Regrettably, the passage of Bill C-69 effectively ignored advice from industry, independent experts, foundations and senior financial experts who have decried the accelerating regulatory damage to Canada’s economy. In particular, cabinet dismissed so-called “industry amendments” out of hand. However, if the industry can’t survive under the conditions created under Bill C-69, isn’t that a problem not just for industry but the economy and indeed the country?

The debate surrounding Bill C-69 took place while Canada’s single largest economic sector experienced dramatic international competitive pressures aggravated by Canada’s demonstrated inability to build approved energy projects. While the United States has increasingly captured our domestic markets, it can purchase Canadian oil and gas at huge discounts. Not surprisingly, Canadian energy investment has collapsed, as demonstrated by findings from the C.D. Howe Institute whereby planned Canadian energy sector investment had dropped by $100 billion between 2017 and 2018.

Additionally, far from increasing regulatory certainty for industry, Bill C-69 does not “modernize” the NEB, it will completely dismantle it. The Canadian energy regulatory system will now be saddled with unintended consequences that the Canada West Foundation described as “disastrous — and irreversible” because the judicial certainty of past court rulings will be lost while opportunities for entirely new future legal challenges will emerge requiring new interpretations by the courts.

The current legislation flies in the face of public trust. Replacing an independent expert, quasi-judicial decision-making body like the National Energy Board with an agency that is essentially an arm of government will degrade regulatory processes and render them increasingly politicized. While some may have been pleased with this government’s unilateral cancellation of Northern Gateway, the decision sent shock waves through the domestic and international investment communities. It demonstrated that Canada could not be trusted to adhere to its own regulatory decisions from one government to the next. Then, when faced with a similar court decision on Trans Mountain, Canada made a different decision and was forced to nationalize the pipeline after the proponent abandoned the project in the face of political and regulatory uncertainties.

Fortunately, the treaty rights of Indigenous people are protected by Section 35 of the Canadian Constitution. However, as demonstrated by two court decisions, resource development applications have been plagued by failures of the federal government’s own consultation process. Now the federal government has chosen to deliberately ignore the economic aspirations and interests of certain Indigenous Peoples. In addition to Bill C-69, with Bill C-48 (the northwest coast tanker ban) another Indigenous economic opportunity, the First Nations Eagle Spirit Energy Corridor, has been foreclosed. Indigenous leader and president Calvin Helin described the passage of the legislation as one in which “common sense did not prevail.”

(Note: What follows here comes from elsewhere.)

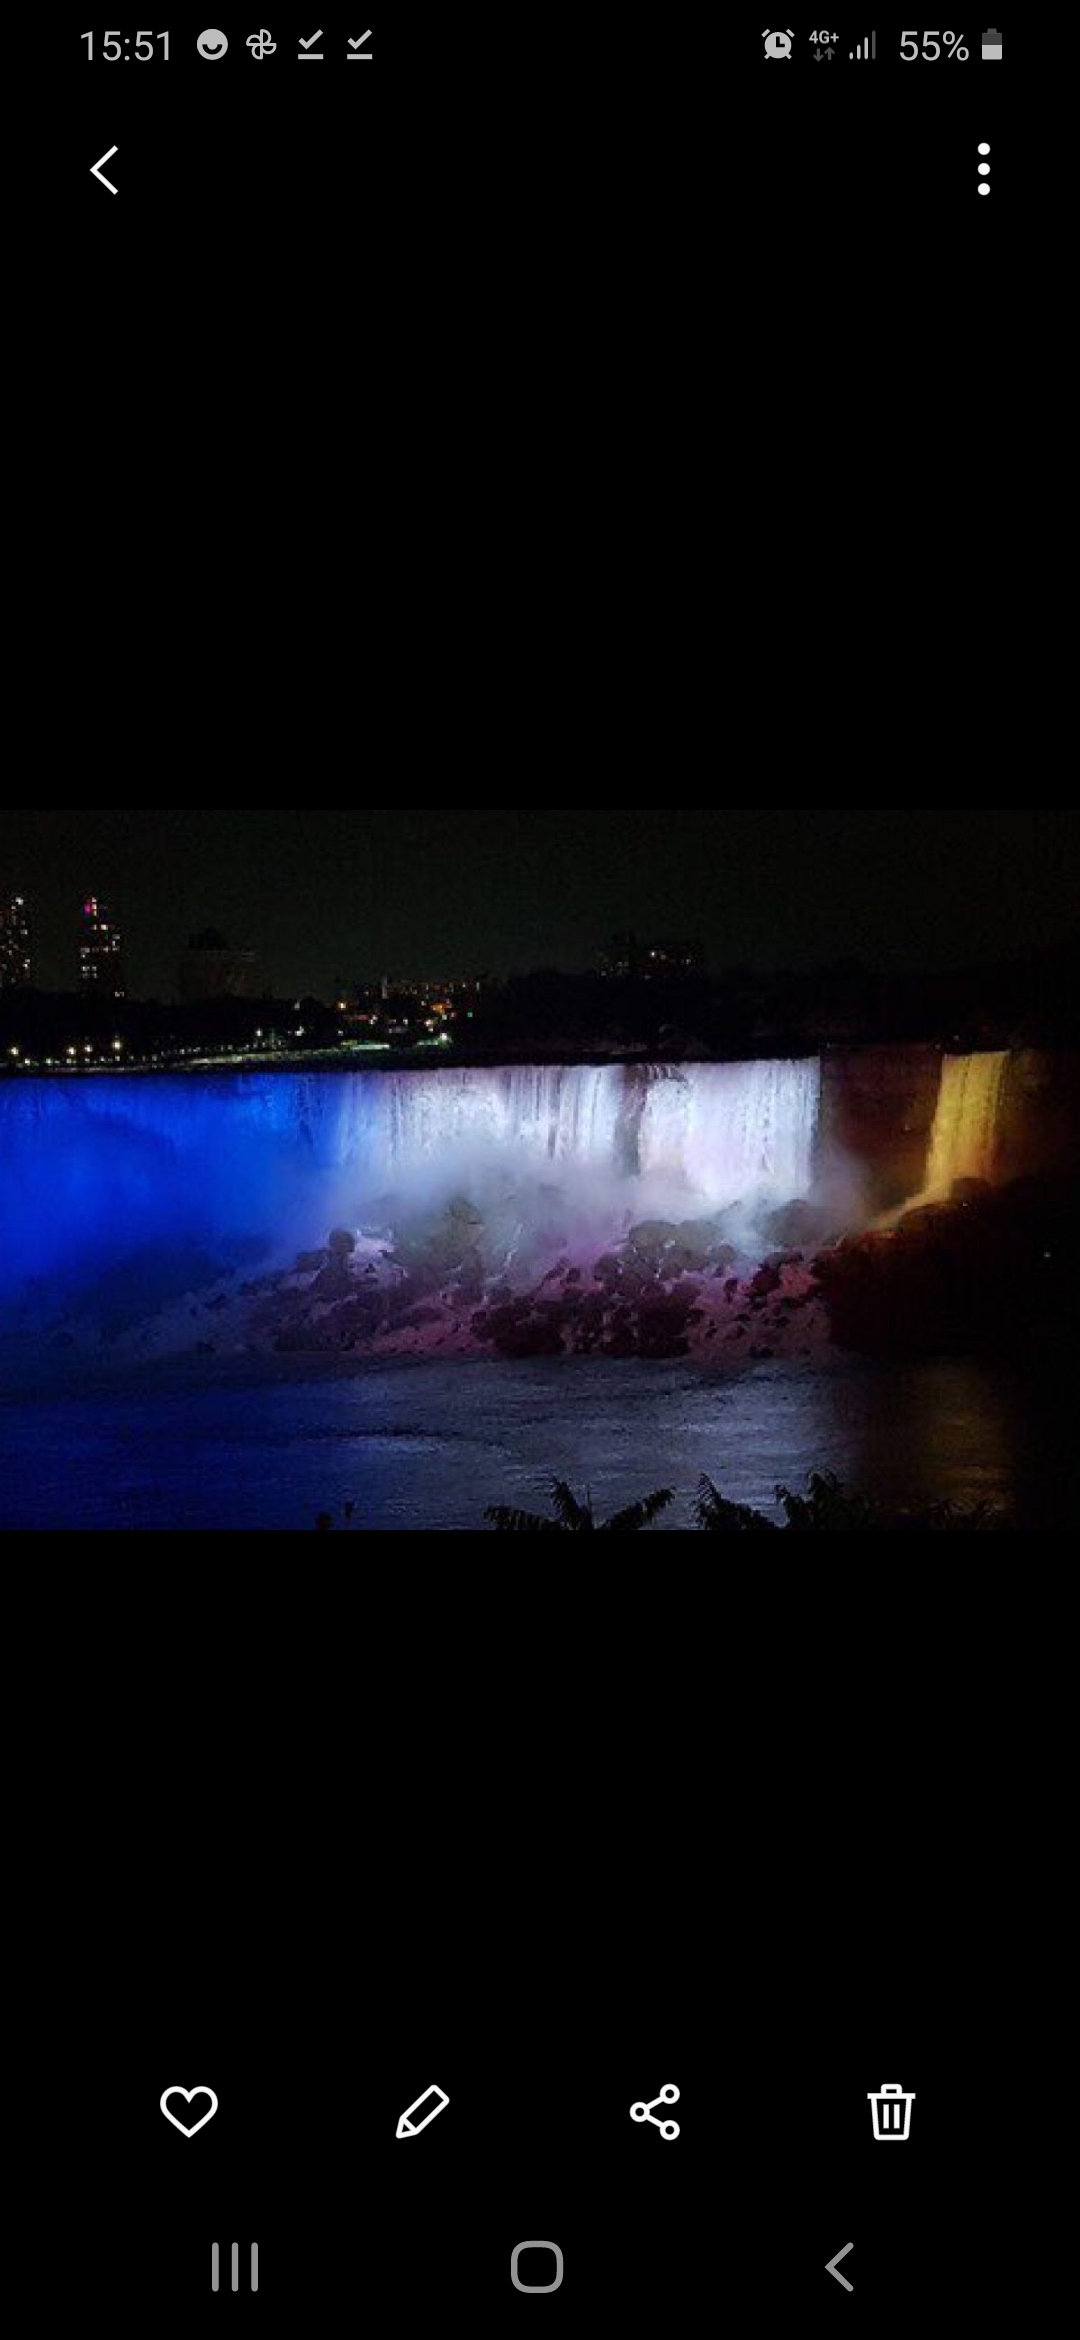 Niagara falls lit up to celebrate Leeds promotion

Earlier, in 2016, the Trudeau government announced a major decision, in concert with the outgoing Obama administration, to jointly “launch actions ensuring a strong, sustainable and viable Arctic economy and ecosystem, with low-impact shipping, science-based management of marine resources, and free from the future risks of offshore oil and gas activity.” While some environmental organizations praised the announcement, less laudatory was Northwest Territories Premier Bob McLeod. Aghast at the lack of governmental consultation that preceded the announcement, he voiced concerns about a unilateral federal decision that summarily negated important benefits of the NWT’s 2014 Devolution Agreement that assured co-management and resource sharing in the Beaufort Sea offshore.

This appalling record demonstrates why Indigenous peoples have little reason to trust this government, reasons compounded by even greater regulatory uncertainty introduced for proponents into a complex and sensitive consultative process.

It is a supreme irony that the principle benefit resulting from the federal government’s acquisition of the Trans Mountain pipeline expansion may be that cabinet will now be forced to experience first-hand the regulatory, public, legal and procedural tripwires that have effectively foreclosed so much of Canadian energy export development.

Colleen Collins is vice-president of the Canada West Foundation, Calgary. Ron Wallace is a retired permanent member of the National Energy Board and an executive fellow of the Canadian Global Affairs Institute, Calgary.